Recorded information:
※

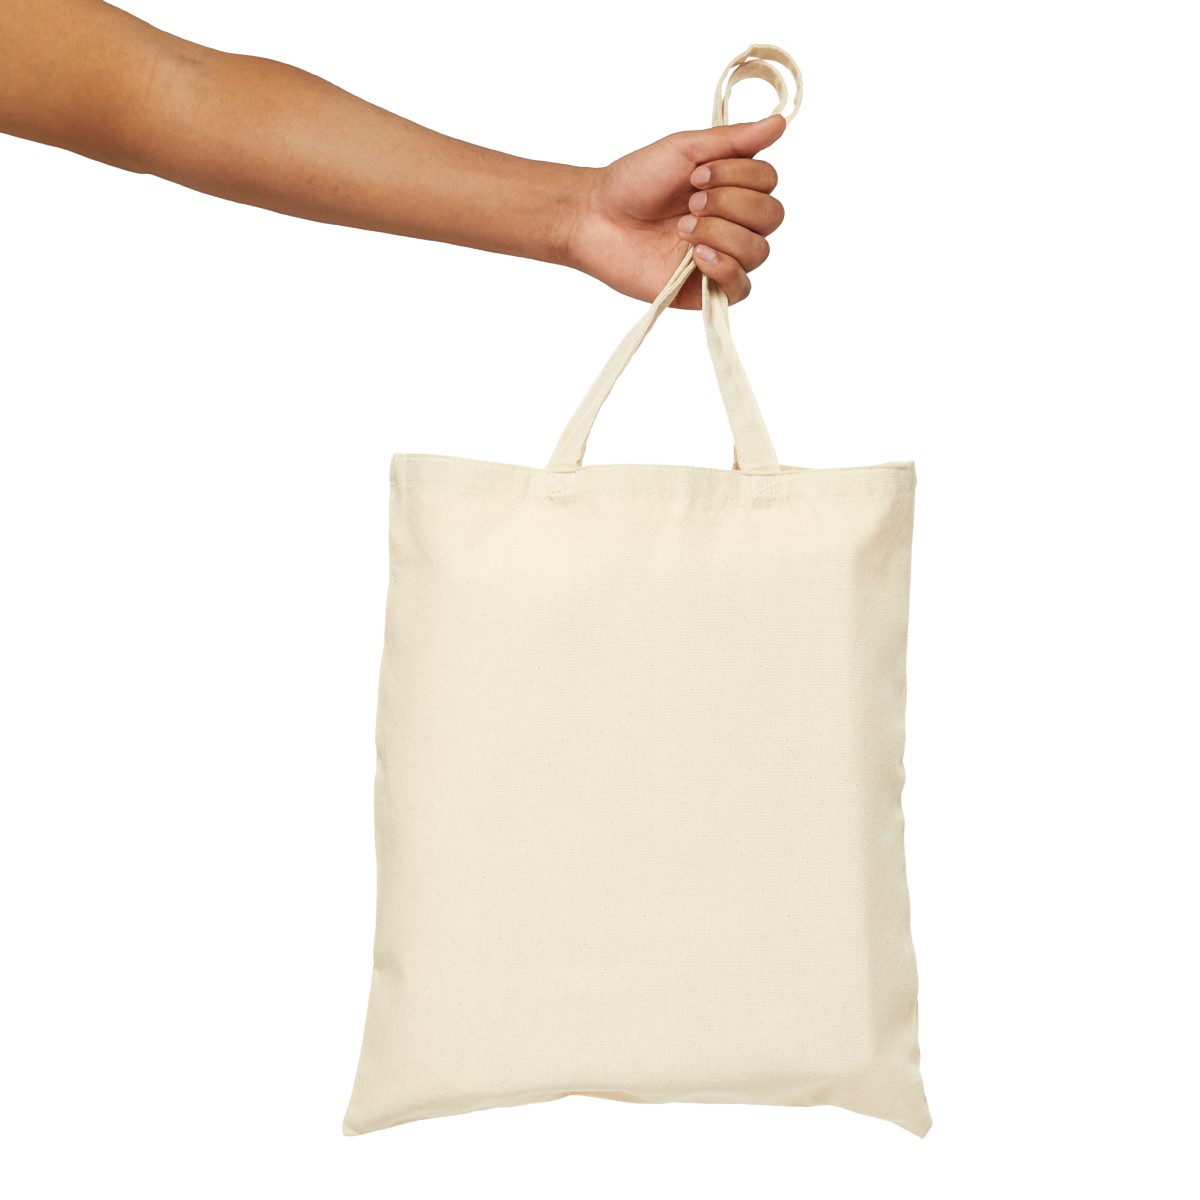 Ho Hos For Sanity 2024 (Cotton Canvas Tote Bag) product thumbnail image
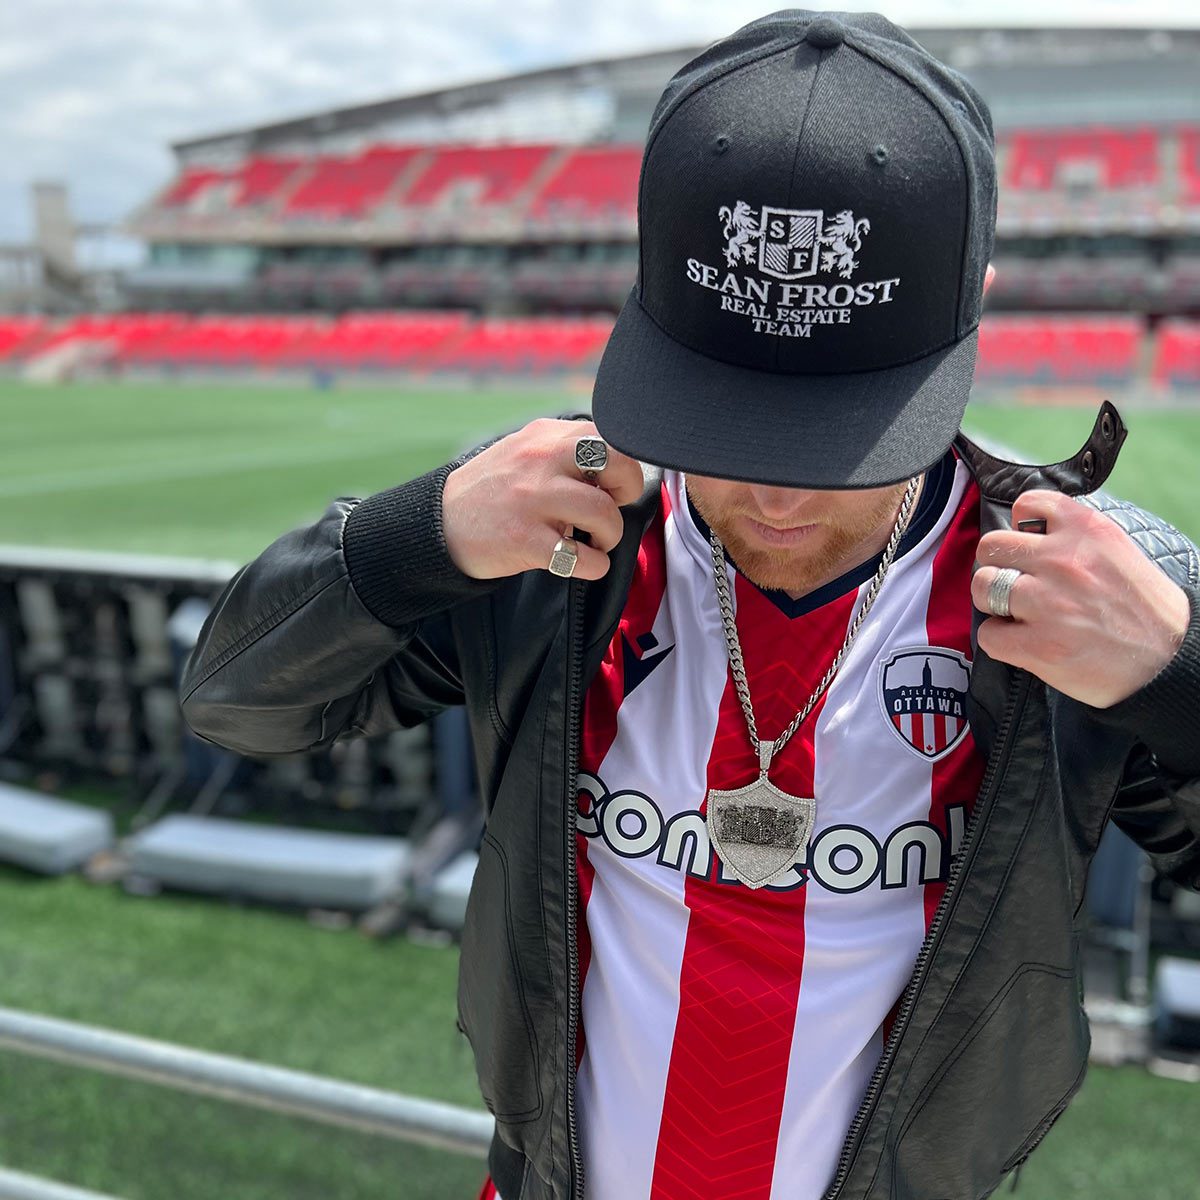 Ottawa music exec & business owner Sean Frost announces partnership with pro soccer club Atlético Ottawa
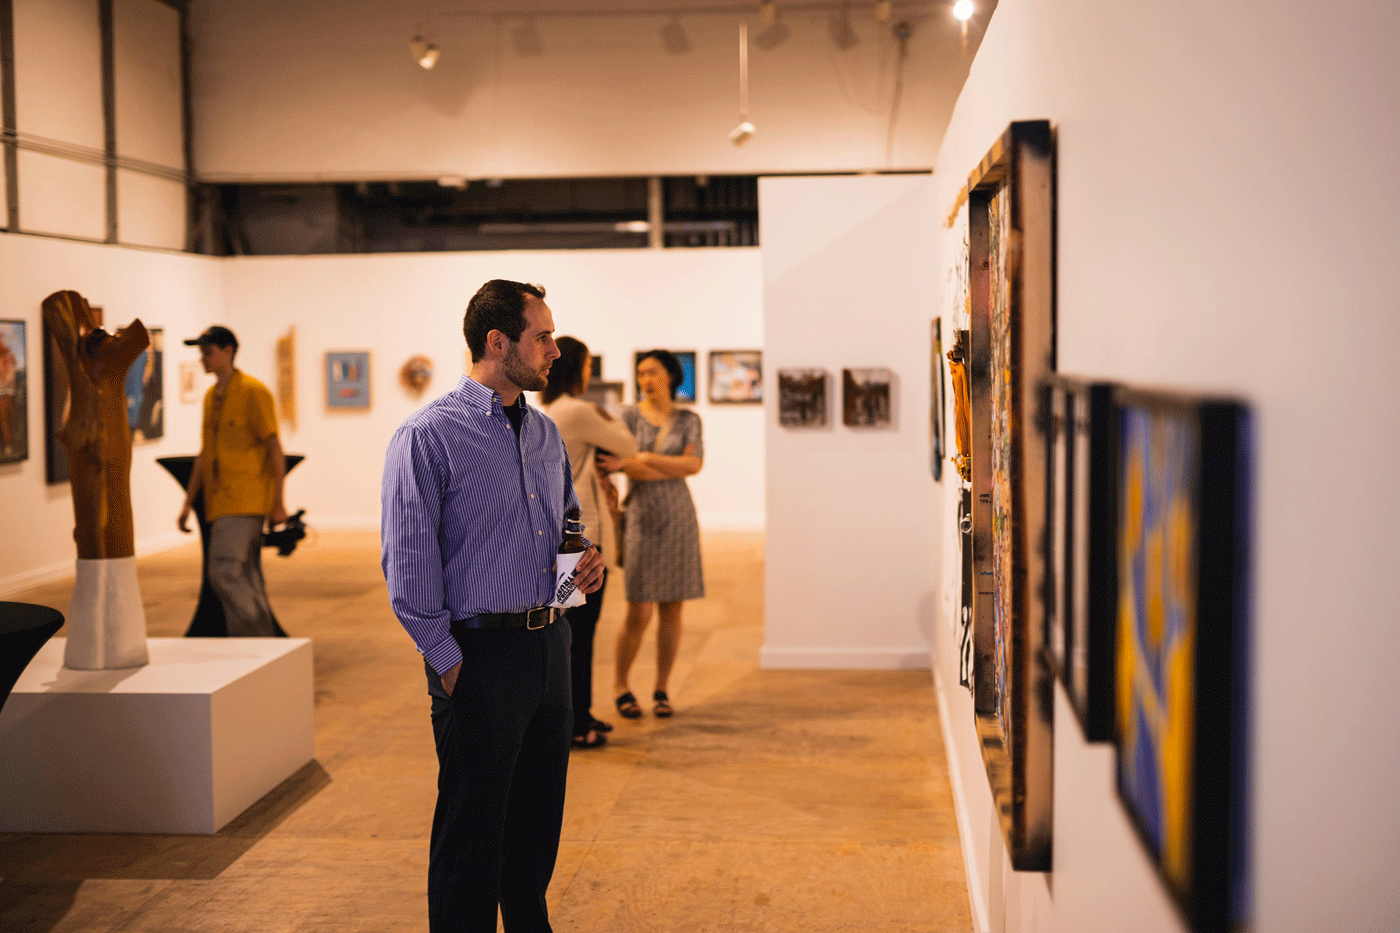 A person looks at artwork hanging on a gallery wall

※

Task prompt: Transcribe all of the lines above exactly as given. The pictures stay out.

Answer area:
 Ho Hos For Sanity 2024 (Cotton Canvas Tote Bag) product thumbnail image
 Ottawa music exec & business owner Sean Frost announces partnership with pro soccer club Atlético Ottawa
 A person looks at artwork hanging on a gallery wall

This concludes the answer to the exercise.